Authentication and security metrics detect credential problems and potential attacks. Failed authentication attempts spike when API keys expire or get revoked. API key usage patterns reveal which keys are active vs unused (rotate or revoke the unused ones). Security anomalies like midnight traffic spikes or requests from unexpected geographic regions warrant investigation. Credential rotation tracking reminds you when keys approach 90-day rotation deadlines.
Accessing your metrics
Grand Central provides a web-based monitoring dashboard with real-time and historical views. The dashboard shows current request rates (requests/minute live graph), latency distributions (P50/P95/P99 over last hour/day/week), top tools by invocation count, and error breakdowns by tool and cause. Filters let you narrow metrics by API key (useful if multiple agents share a subscription), date range, or specific tools. Dashboard access is configured through the admin portal. Users with portal access can view metrics for their subscriptions automatically. Grant additional team members access through the portal’s user management section by adding their email addresses or Entra groups. Typically, dashboard access goes to developers building the agents, DevOps teams managing deployments, and support engineers troubleshooting issues. API usage reports provide deeper analysis than real-time dashboards. The system generates monthly reports automatically that include usage summaries (total requests, tool breakdown, success rates), cost analysis (if your subscription has usage-based billing), trend analysis (month-over-month growth, seasonal patterns), and optimization recommendations based on observed usage patterns. Download reports from the dashboard’s Reports section. These reports help with budget planning and identifying optimization opportunities.Common monitoring patterns
Different teams monitor for different signals. Here’s what production teams watch:Agent performance monitoring
Track which tools agents invoke most frequently to identify caching opportunities. IfgetCustomerProfile appears in the top 3 tools (by invocation count), but agents serve 100+ conversations per day, they’re probably calling it redundantly. Implement conversation context caching to reduce load.
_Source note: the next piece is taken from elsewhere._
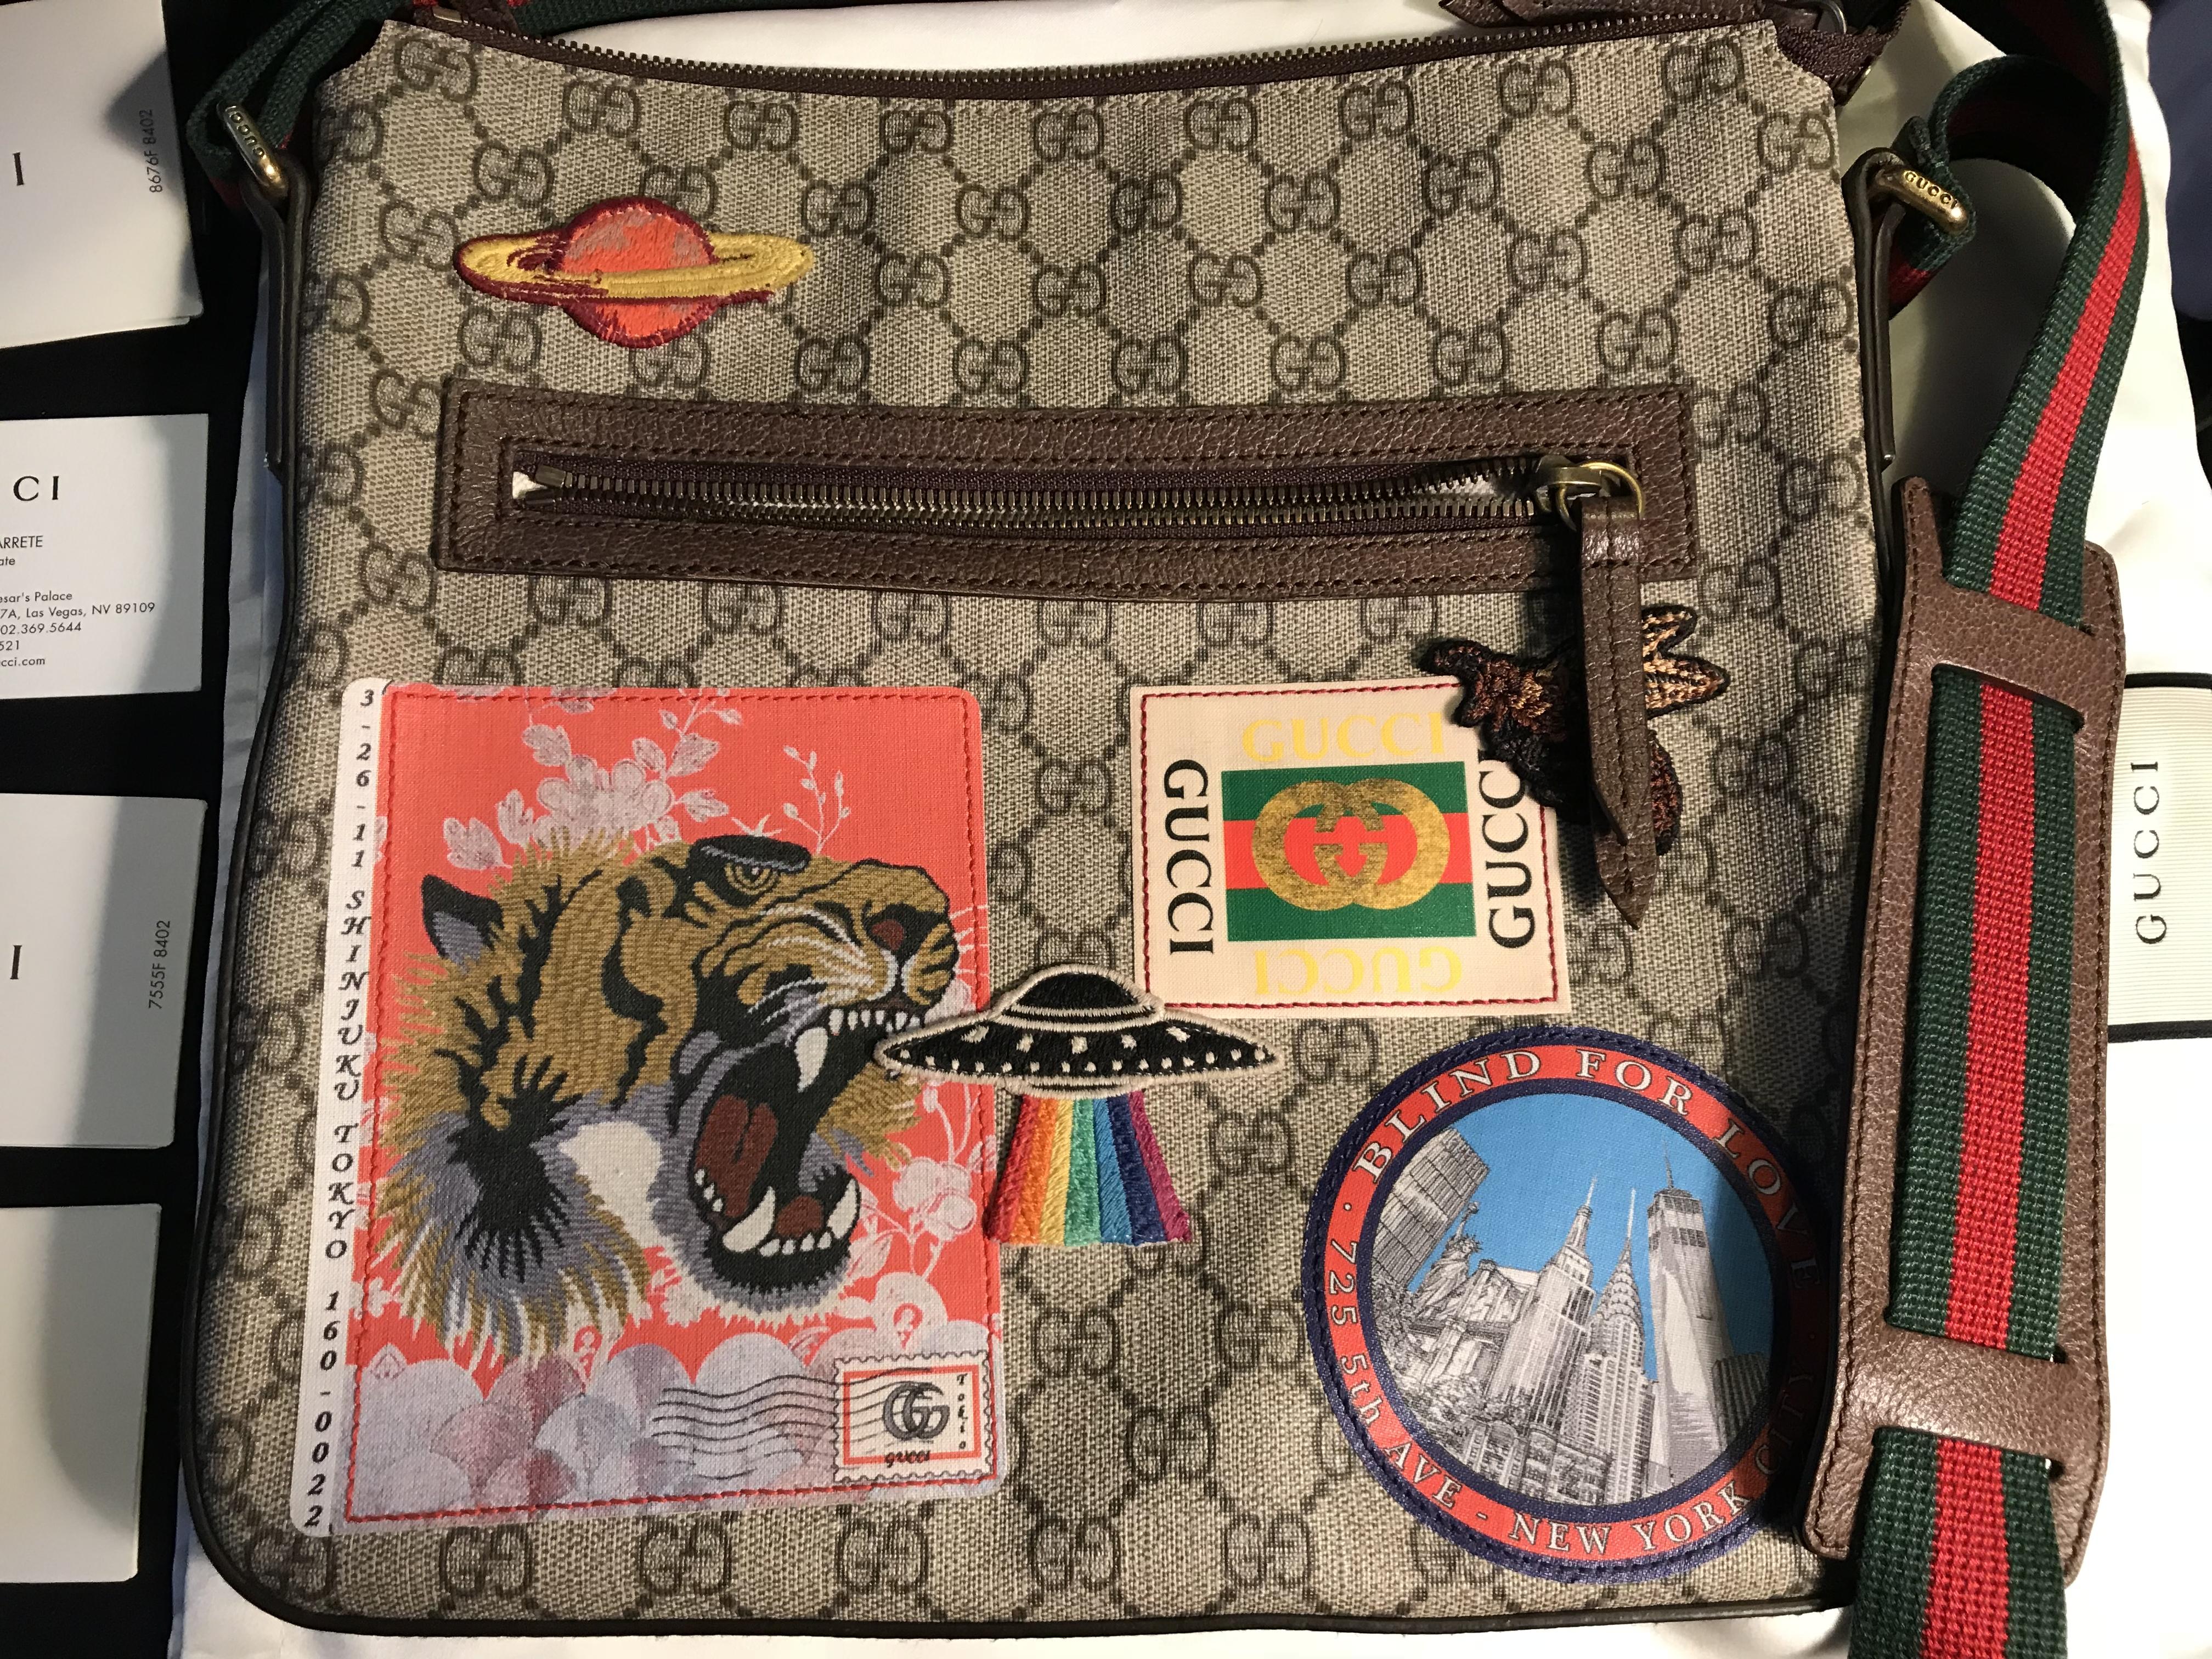 bad066619a88 Gucci Gucci Courrier Soft Gg Supreme Messenger | Grailed

Monitor tool-specific error rates to find integration problems early. If searchTransactions has a 10% error rate while other tools sit at less than 1%, the backend search API likely has issues. Escalate to the team that owns that API before users complain about broken functionality.
Check whether agents retry appropriately. Look for patterns like “5 consecutive calls to the same tool within 2 seconds” - indicates retry loops without backoff. Fix agent retry logic to use exponential delays (1s, 2s, 4s).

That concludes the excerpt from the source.